Мы сговорились было говорить о святых, и я обещался рассказать о старцах. Но сегодня как-то настоятельно просятся другие мысли; мне хочется сказать вам об одном человеке, который был, как мне кажется, очень светел, очень глубок и очень прост; он не святой, а просто человек нашего времени. Это единственный человек, которого я встретил за свою жизнь, о ком я мог бы сказать, что он был свободен той ни с чем не сравнимой царственной свободой, о которой Христос говорит в Евангелии, о которой речь идет у апостолов. По их слову, дух Христов — дух свободы; познайте истину, она сделает вас свободными… Свободными не в каком-то внешнем отношении, общественно, политически; это свобода другая. Свобода внутренняя, которая ничем не может быть у человека отнята и которую имел в виду один человек, почти сорок лет сидевший в одиночке и перед смертью начертавший на стене такие слова: “Со Христом и в тюрьме мы свободны, без Него и на воле — тюрьма”. Это та свобода, о которой с самого раннего начала христианства говорили апостолы в своих узах; Павел из римской тюрьмы писал, что слово Божие не вяжется, то есть ничем не может быть связано; та свобода, о которой Христос сказал, что Он принес освобождение пленным, тем, которые в плену себя самих, в плену у страха, в плену у страстей, в плену у предрассудков, в плену у воображаемого добра или у реального зла.

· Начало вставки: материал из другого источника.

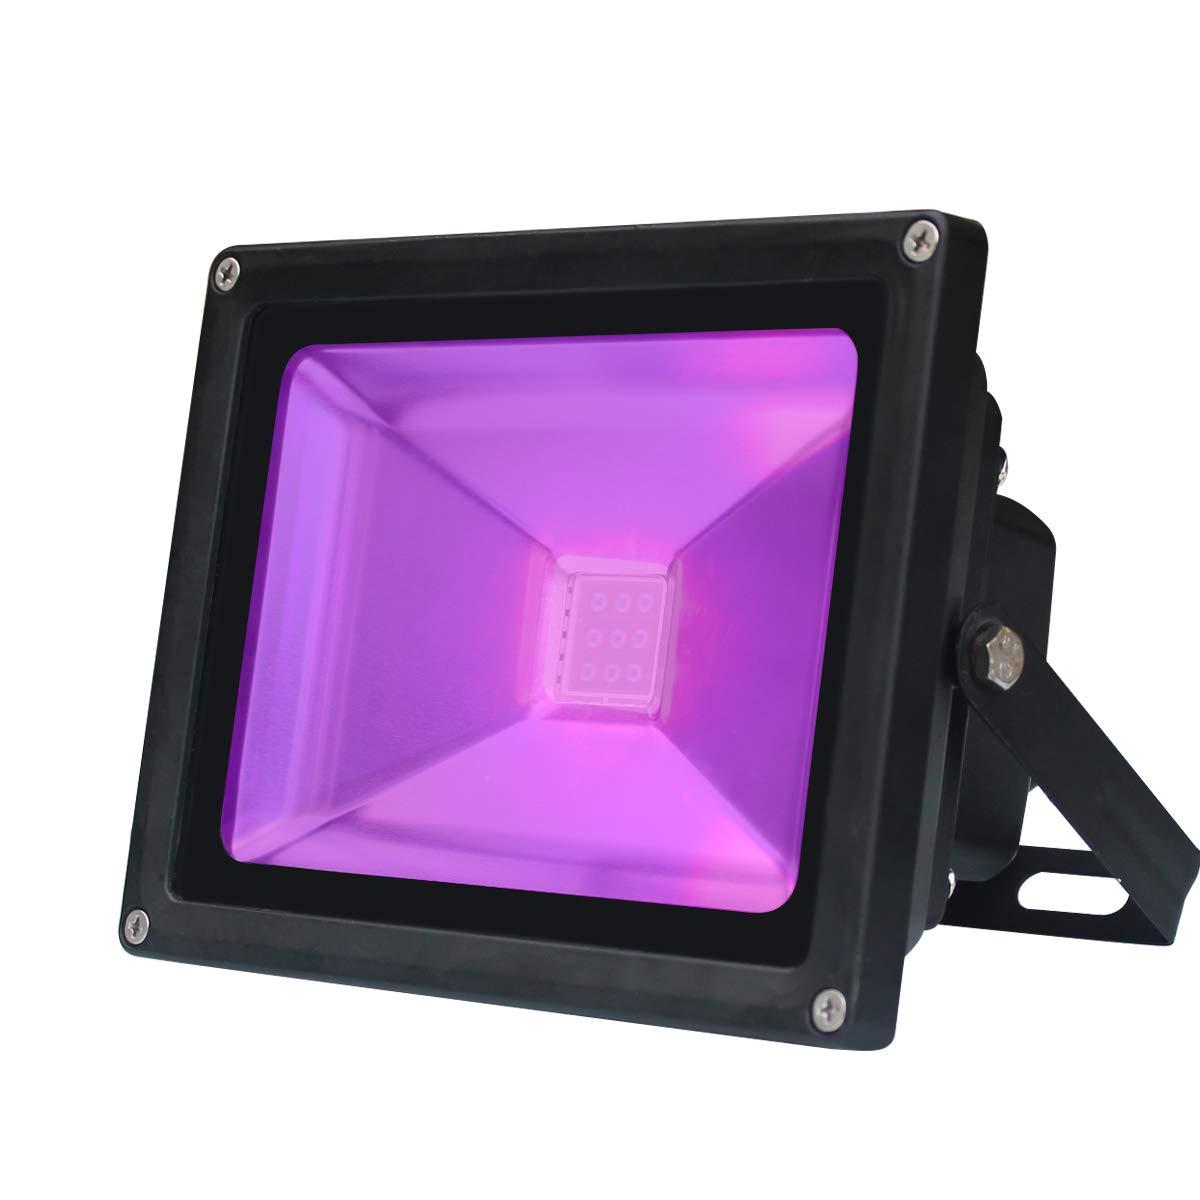 UV LED Black Light, 10W Violet LED Stage Decorative Light, AC 85-265V Energy-Saving LED Flood Waterproof Aluminum+Glass Ultra Lamp for Indoor Outdoor Entertainment Holiday Fluorescent Celebration
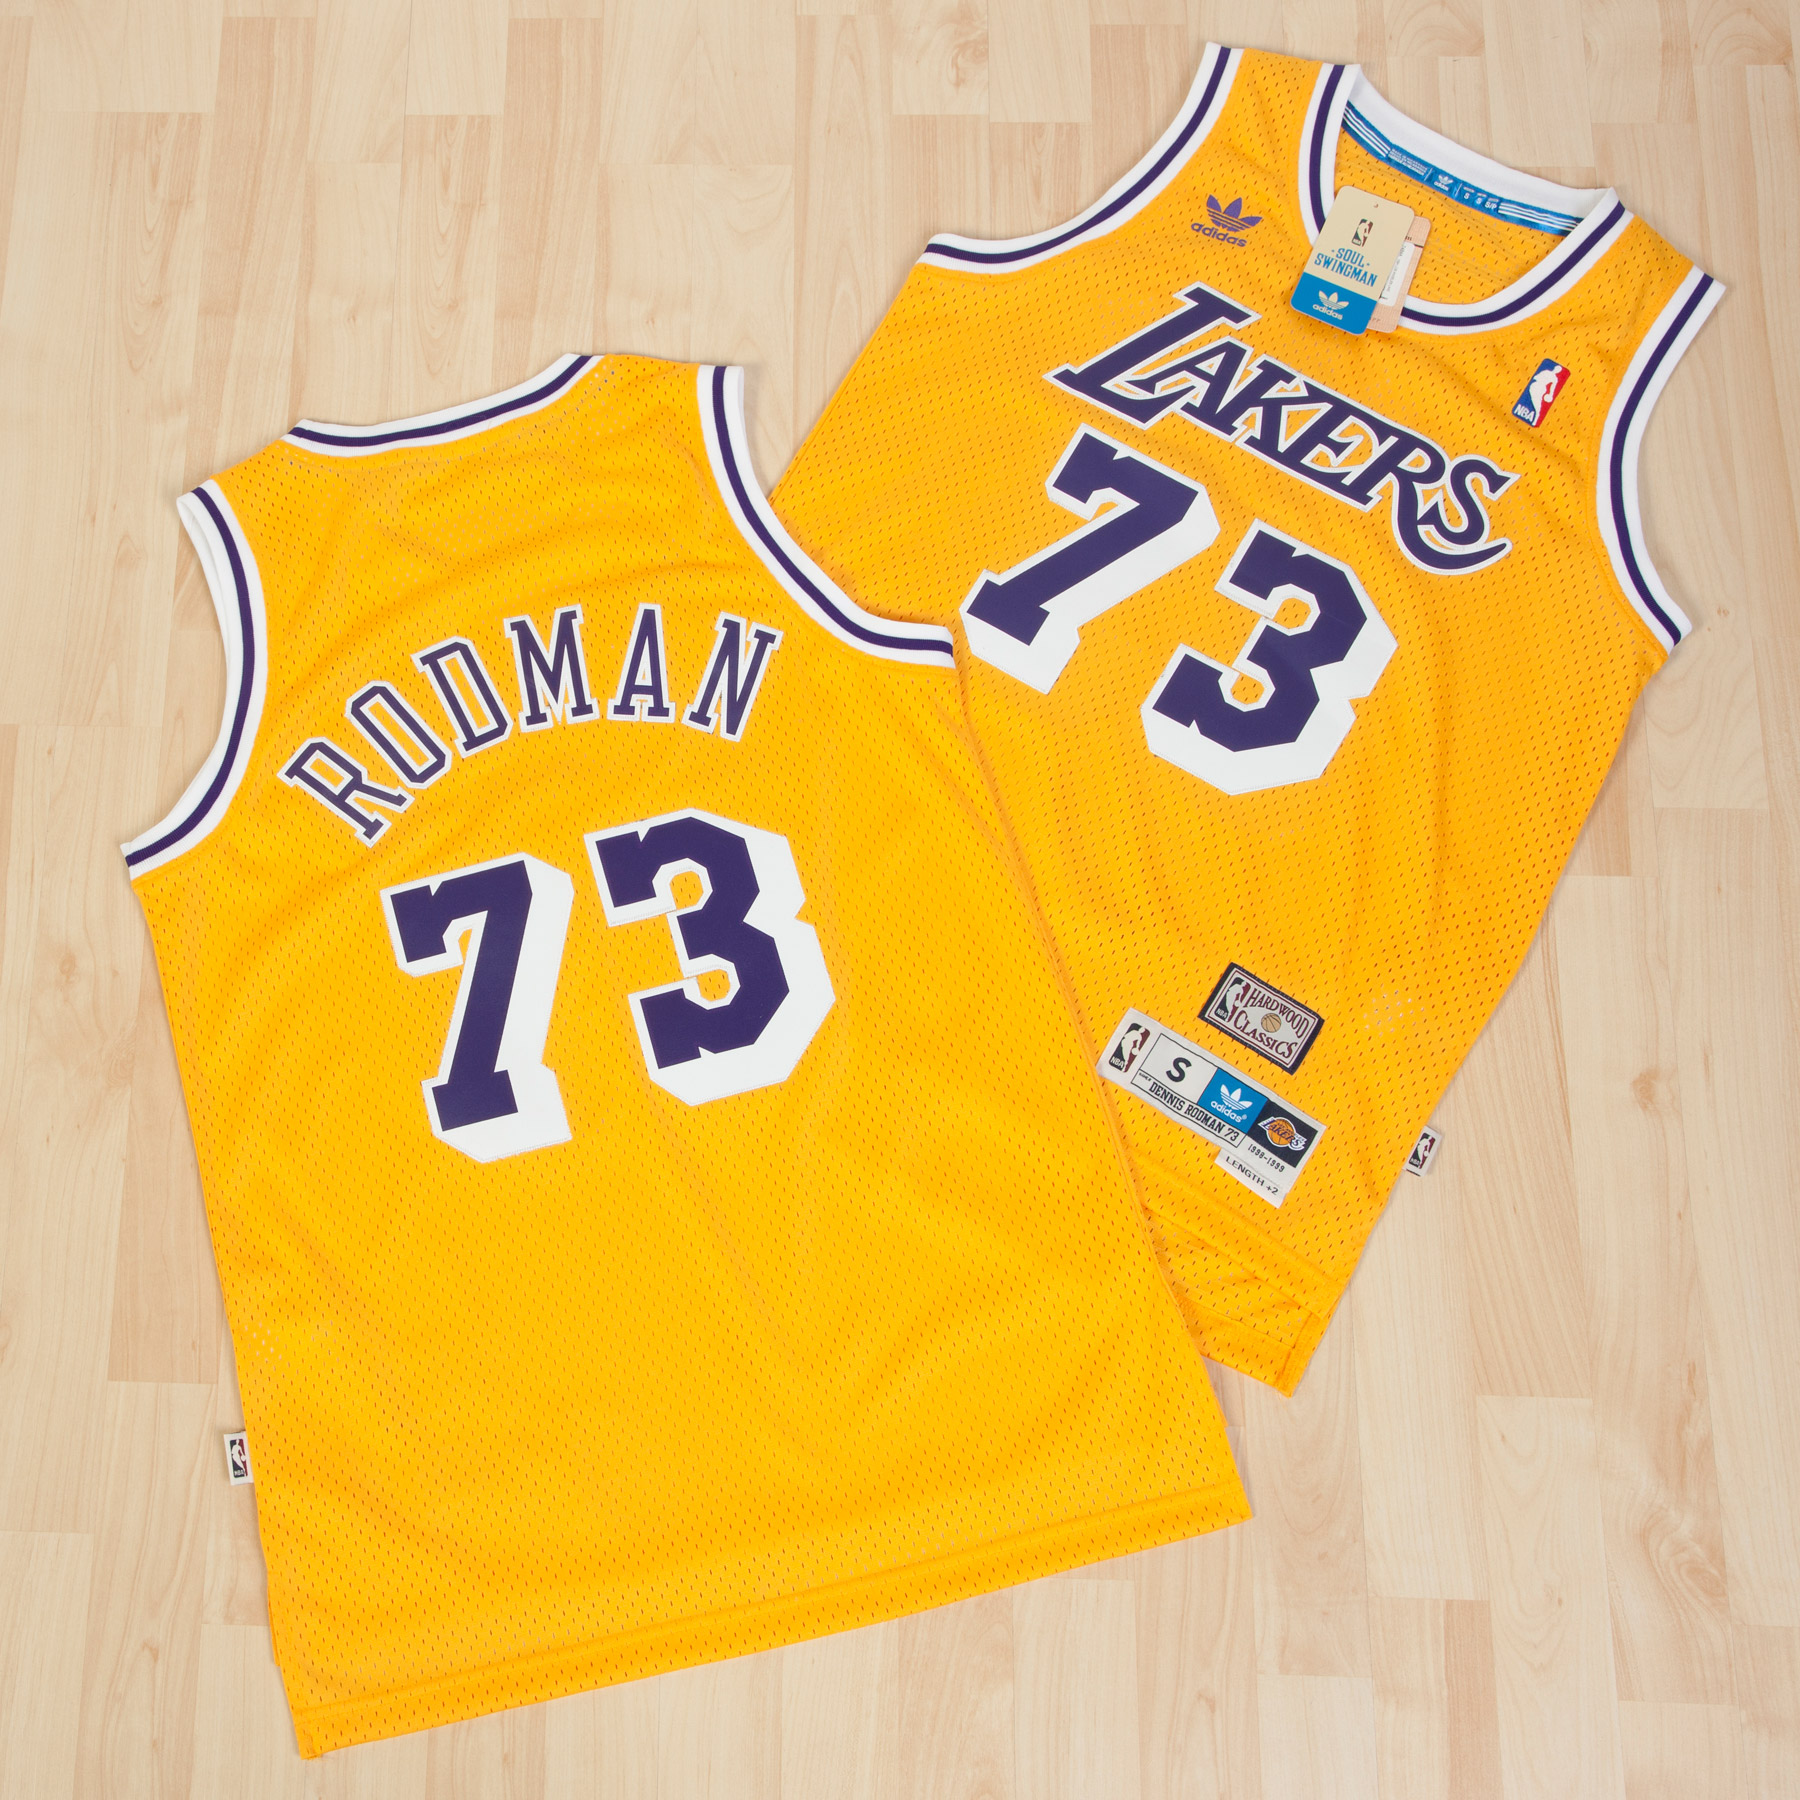 Los Angeles Lakers Home Soul Swingman Jersey - Dennis Rodman - Mens

Вот эту свободу мне удалось видеть один раз в своей жизни, выраженной в целой жизни человека; не только в одно мгновение его жизни, но в относительно короткой жизни, около шестидесяти лет. Я не знаю, может быть, не следовало бы говорить о человеке, который, как будто, не имеет вселенского значения, который слишком связан для меня со всей моей жизнью; но мне сегодня хочется о нем сказать…
Первый раз я его встретил, когда мне было семнадцать лет; я пришел в церковь в Париже, на Трехсвятительское подворье. Это было время крайней бедности; подворье помещалось тогда в подземном гараже и нескольких кельях, которые построили в коридоре над ним. Я пришел к конце службы, собирался спуститься в храм; и ко мне навстречу стал подыматься монах высокого роста, широкоплечий, в клобуке, с каштановыми волосами, который весь, как будто, ушел в себя. Он подымался, не обращая внимания на то, что шел ко мне навстречу; он еще жил отзвуками молитвы, церковных песнопений, святых и священных слов, которые он сам произносил и которые доносились до его слуха и вплетались в самую глубину его души. Я тогда увидел человека, как его описывает старое монашеское присловье; есть такое слово, что никто не в силах отречься от себя, отвернуться от всего мира и последовать за Христом, если не увидит на лице хотя бы одного-единственного человека сияние славы Божией, сияние вечной жизни… И вот в этом поднимающемся лице мне представилось сияние вечной жизни, слава Божия, тихая, как в песнопении вечерни: Свете тихий святыя славы бессмертного Отца Небесного, Святого, Блаженного… Это виденье было настолько убедительно, настолько несомненно, что, не зная, с кем имею дело. Я к нему подошел и сказал: “Будьте мне духовником”. И так завязалась на следующие пятнадцать лет — приблизительно так — встреча, которая никогда не потускнела, и в которой мне открылся человек, который не открывался, но которого можно было созерцать; человек, который о себе не сказал бы ничего, но которого минутами, можно было почуять, увидеть.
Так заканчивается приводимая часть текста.